Итак, племянник был вывезен в свет, и весь Грюнвизель в этот и следующие дни ни о чем другом не говорил, кроме этого события. Но старый господин не остановился на этом. По-видимому, он совершенно переменил свой образ мыслей и образ жизни. После обеда он уходил с племянником в ресторан на скалистой горе, где более знатные лица Грюнвизеля пили пиво и развлекались игрой в кегли. Там племянник показал себя в игре искусным мастером, потому что никогда не сшибал меньше пяти или шести. Правда, иногда, по-видимому, на него находило особенное настроение; ему могло прийти в голову быстро, как стрела, выбежать с шаром, вбежать под кегли и поднять там бешеный шум; или, сбив восемь кеглей или короля, он вдруг становился на свои прекрасно завитые волосы и вытягивал вверх ноги; или если мимо проезжала карета, то не успеешь оглянуться, как он сидел на самом верху кареты, делал оттуда гримасы, немного проезжал на ней и потом опять прибегал к обществу.

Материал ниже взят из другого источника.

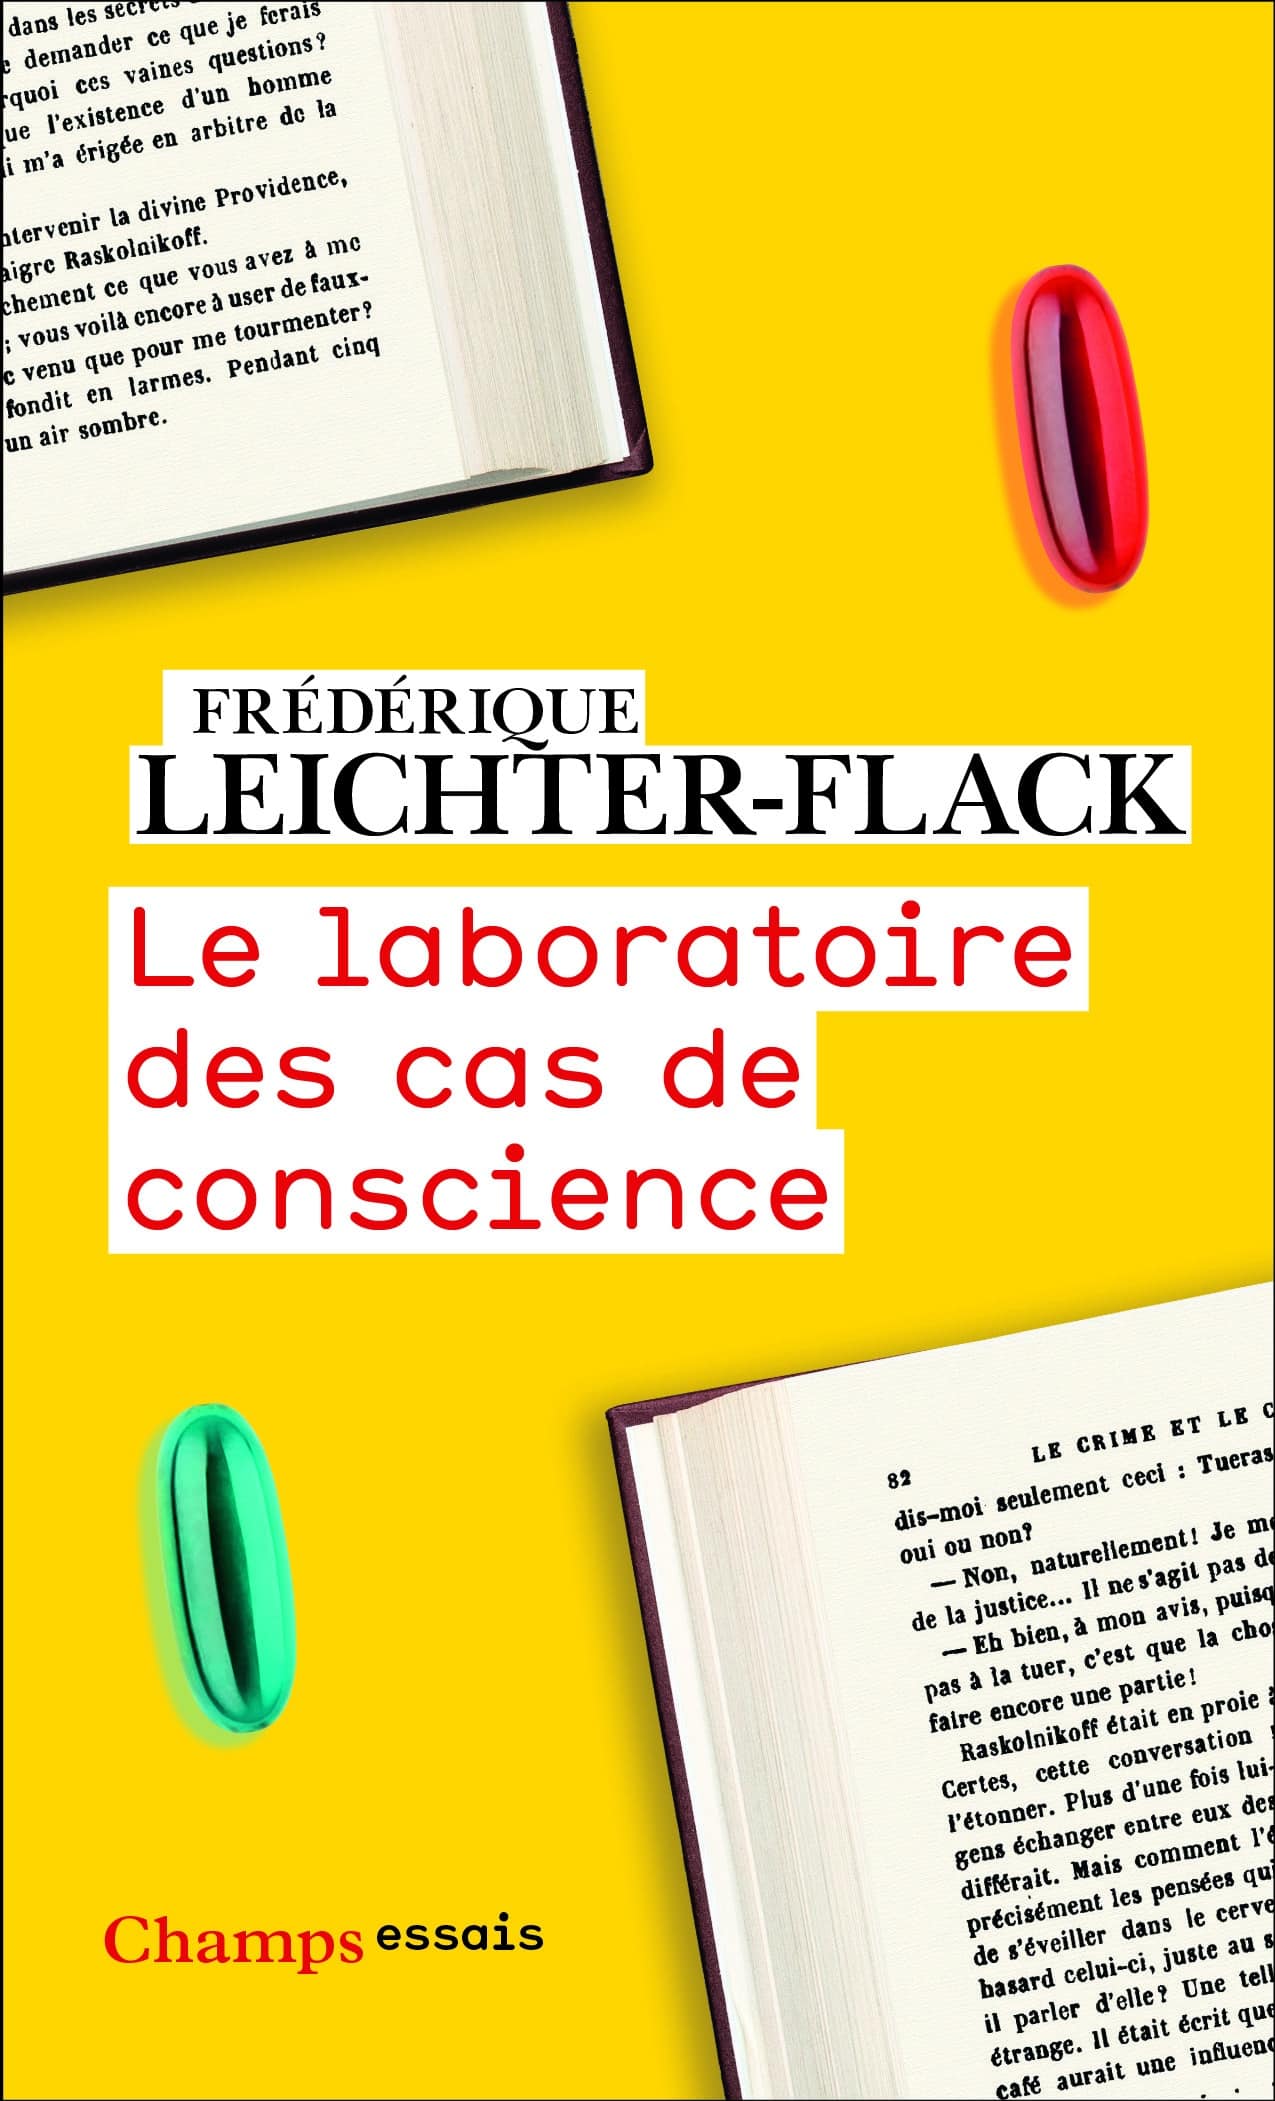 Couverture de "Le laboratoire des cas de conscience", de Frédérique Leichter-Flack © Champs

При подобных сценах старый господин обыкновенно очень извинялся перед бургомистром и другими лицами за невоспитанность своего племянника, а они смеялись, приписывали это его молодости, утверждали, что в этом возрасте сами были такими же подвижными, и необыкновенно любили молодого ветрогона, как они его называли.

Но бывали также времена, когда они немало сердились на племянника, и все-таки ничего не смели сказать, потому что молодого англичанина все считали образцом по воспитанию и уму. Старый господин обыкновенно именно со своим племянником приходил также по вечерам в «Золотой Олень», гостиницу городка. Хотя племянник был еще совсем молодым человеком, однако вел себя уже совсем как старик. Он садился за свой стакан, надевал огромные очки, вынимал громадную трубку, закуривал ее и дымил сильнее всех. Если начинали говорить о новостях, о войне и мире, если доктор высказывал свое мнение, бургомистр свое, а другие лица были совершенно изумлены такими глубокими политическими познаниями, то племяннику вдруг могло прийти в голову быть совершенно другого мнения. Тогда он ударял по столу рукой, с которой никогда не снимал перчаток, и совершенно ясно давал понять бургомистру и доктору, что обо всем этом они ничего точно не знают, что он слышал это совершенно иначе и имеет более глубокий взгляд. Затем на странном ломаном немецком языке он высказывал свое мнение, которое все, к великой досаде бургомистра, находили превосходным — ведь, как англичанин, он, конечно, все должен был знать лучше.

Если затем бургомистр и доктор в гневе, который они не смели громко выражать, садились за партию в шахматы, то племянник придвигался, заглядывал в свои большие очки через плечи к бургомистру, порицал тот или другой ход и говорил доктору, что он должен ходить так-то и так-то, на что они оба втайне очень сердились. Если потом бургомистр в досаде предлагал ему партию, чтобы как следует поставить ему мат, так как считал себя вторым Филидором [Филидор — выдающийся французский шахматист], то старый господин туже стягивал племяннику галстук, после чего тот становился вполне учтивым и вежливым и сам быстро ставил бургомистру мат.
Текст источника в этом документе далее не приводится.